THE sight of Liverpool players taking the knee in memory of George Floyd at Anfield on Monday was remarkable and moving. Anyone who remembers how racism besmirched British football only a couple of decades ago could only watch in amazement. Cue David Beckham tweeting his solidarity with the protesters on the streets of American cities.

That racism is now socially unacceptable represents huge progress, and should be celebrated, even as we recognise that racial injustice still exists and that atrocities still happen, especially in America. Black people there are twice as likely as whites to be killed by police.

Footballers, like Dortmund’s Jadon Sancho, say they want “justice” for Mr Floyd, killed by police in Minneapolis on May 25. But unusually, in this instance, there has been justice – of a sort.

Unlike in previous cases of police brutality, like the savage beating of Rodney King in 1992, the murder of Trayvon Martin in 1995 or the shooting of Michael Brown in 2014, there seems very little chance of the Minneapolis officer, Derek Chauvin, escaping justice for what he did.

He was promptly arrested and charged with murder and manslaughter. His fellow officers, who apparently stood idly by while Mr Floyd was asphyxiated, have also been fired.

There was universal revulsion across America last week at the footage of the Minneapolis martyrdom and great public sympathy for Mr Floyd’s family. Even the conservative Fox News was appalled. For a few days it appeared as if we’d seen a turning point in white middle America – which traditionally supports the police come what may.

That was until they saw businesses being looted, churches burnt and protesters charging police barriers. No one should underestimate just how much these scenes of violence, whoever is responsible, benefit the police and right-wing demagogues like Donald Trump, now presenting himself as the “law and order President”.

These have been the worst race riots since 1968 – 17,000 heavily armed National Guard soldiers deployed in 23 states. Some on the left have been openly celebrating the “uprising” as it is being called. Justifiable anger, they say, at social inequality in a country where blacks, on average, earn a third less than white people (though Asians now top the US earnings league).

Many blame the police for starting the violence, or claim that it has been fuelled by white supremacist agent provocateurs. The difficulty with that argument is that if it really is white interlopers, it should be even more important for the police to enforce the law.

Those celebrating the revolt should remember why the civil rights leader Martin Luther King was a dedicated opponent of street violence. Not because he was a pacifist wimp, or an Uncle Tom, but because he knew it didn’t work. The forces of repression are galvanised when cities burn, and that invariably fuels the politics of reaction.

After the long hot summer of race riots in 1968, which followed King’s assassination by the white supremacist James Earl Ray, it was the right-wing Richard Nixon who went on to win the presidential election that November. Mr Trump doesn’t know a lot of history, but he sure as hell remembers that.

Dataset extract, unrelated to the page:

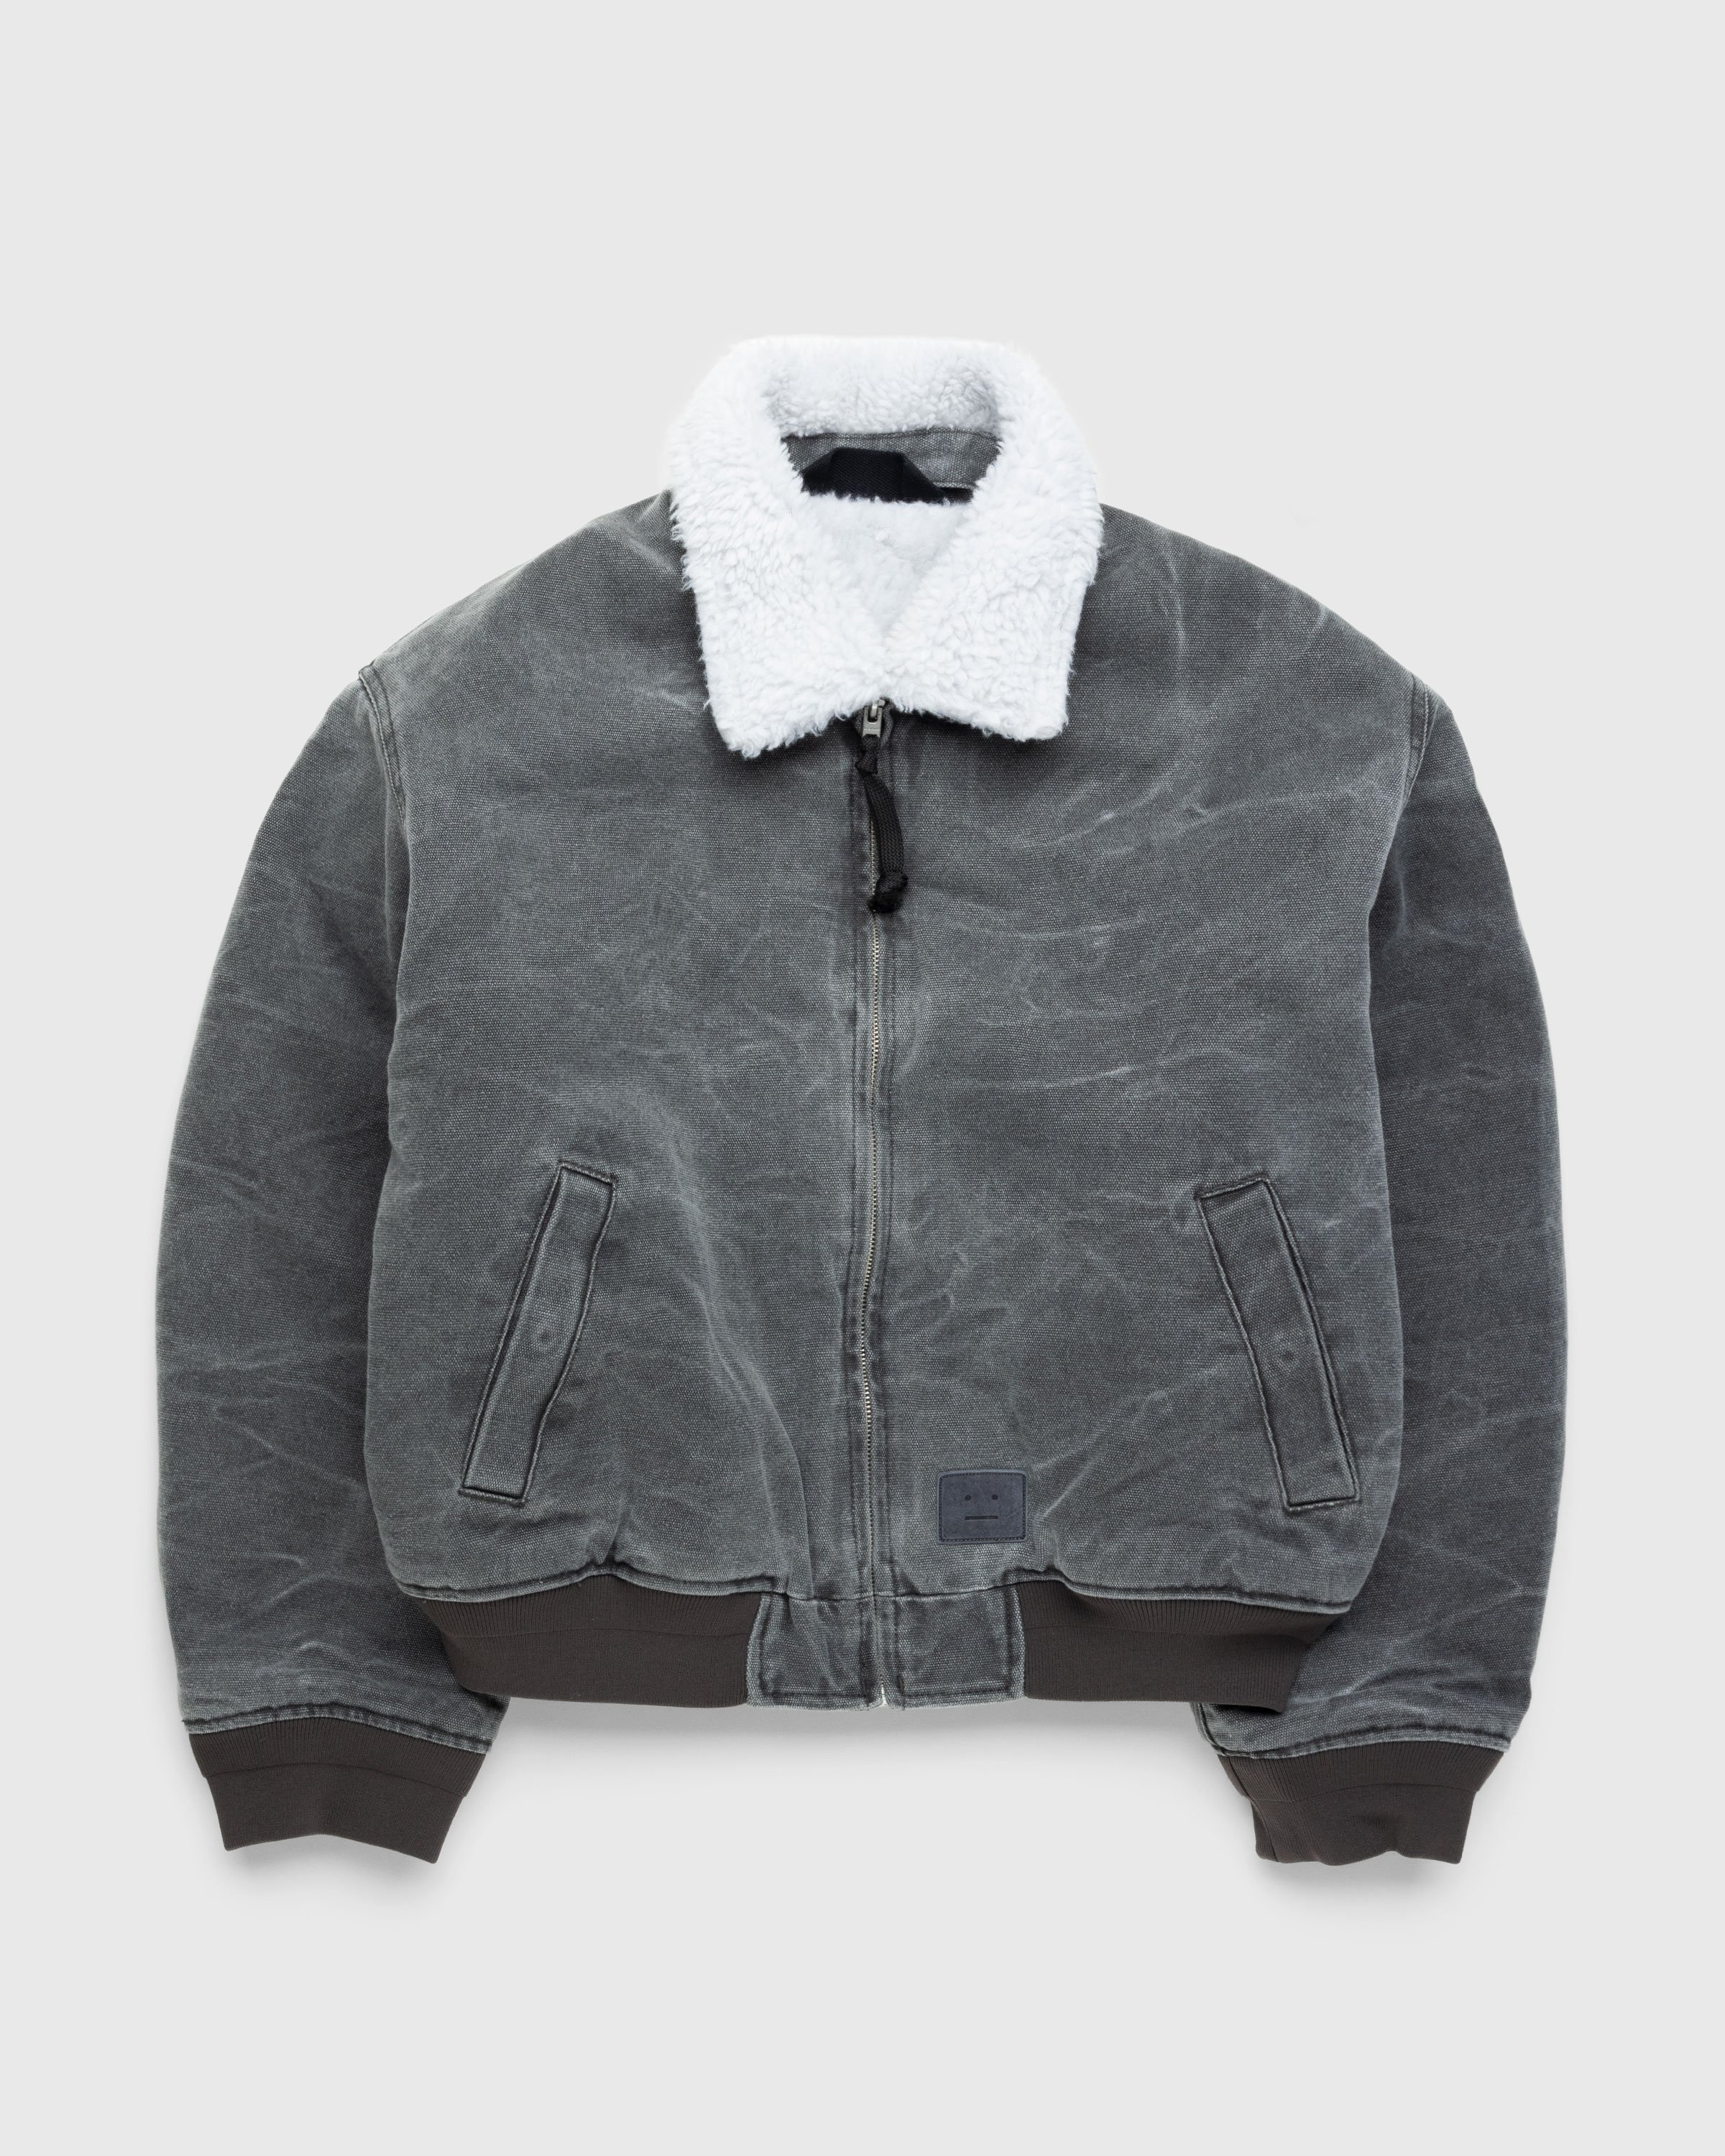 Acne Studios – Cotton Canvas Bomber Jacket Grey - Outerwear - Grey - Image 1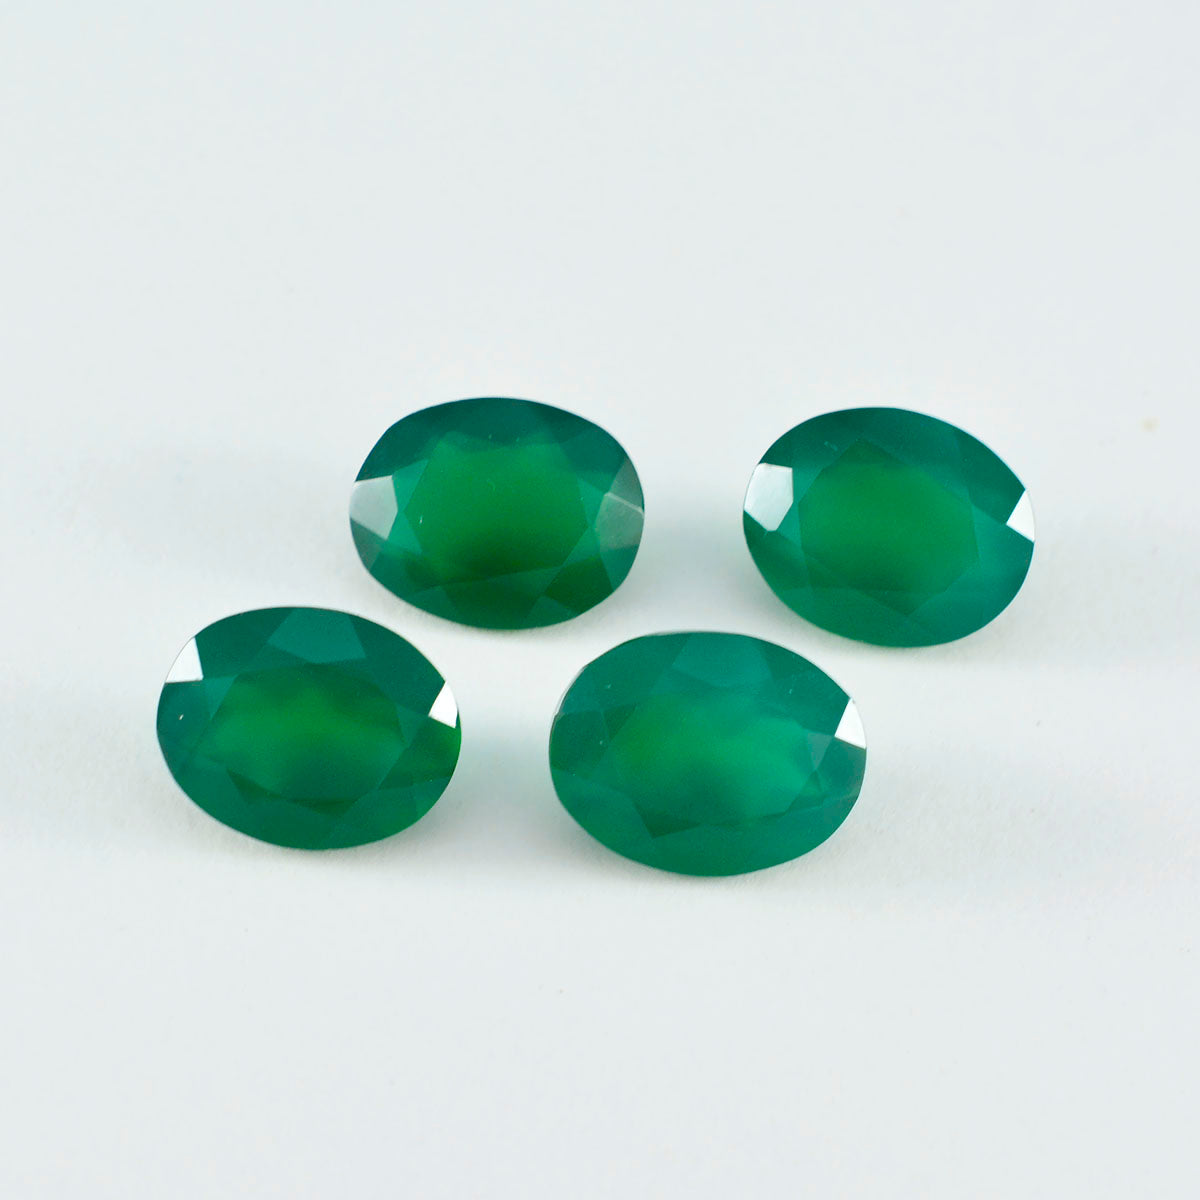 riyogems 1 st äkta grön onyx fasetterad 7x9 mm oval form snygg kvalitetspärla

Yesterday my colleague Neil Mackay speculated that Mr Trump might refuse to leave office if he is defeated. I don’t think that’s on the cards: the US constitution, with its separation of powers, is designed to prevent the emergence of an unelected dictator. What I worry about is an elected dictator.

Yesterday Mr Trump promised to deploy the US army to “dominate” the state governments who had shown themselves to be “weak” and led by “jerks”. This is deeply worrying because it takes control of the means of violence out of the state governors and into the hands the Commander in Chief, one Donald Trump, in Washington.

It is supposedly illegal to deploy the standing army on US soil, as anyone who has seen the 2015 film Sicario will recall. But Mr Trump has invoked the 1807 Insurrection Act to combat what he is now calling “terrorism” in the US. He calculates that imposing effective martial law will help salvage his sinking presidency.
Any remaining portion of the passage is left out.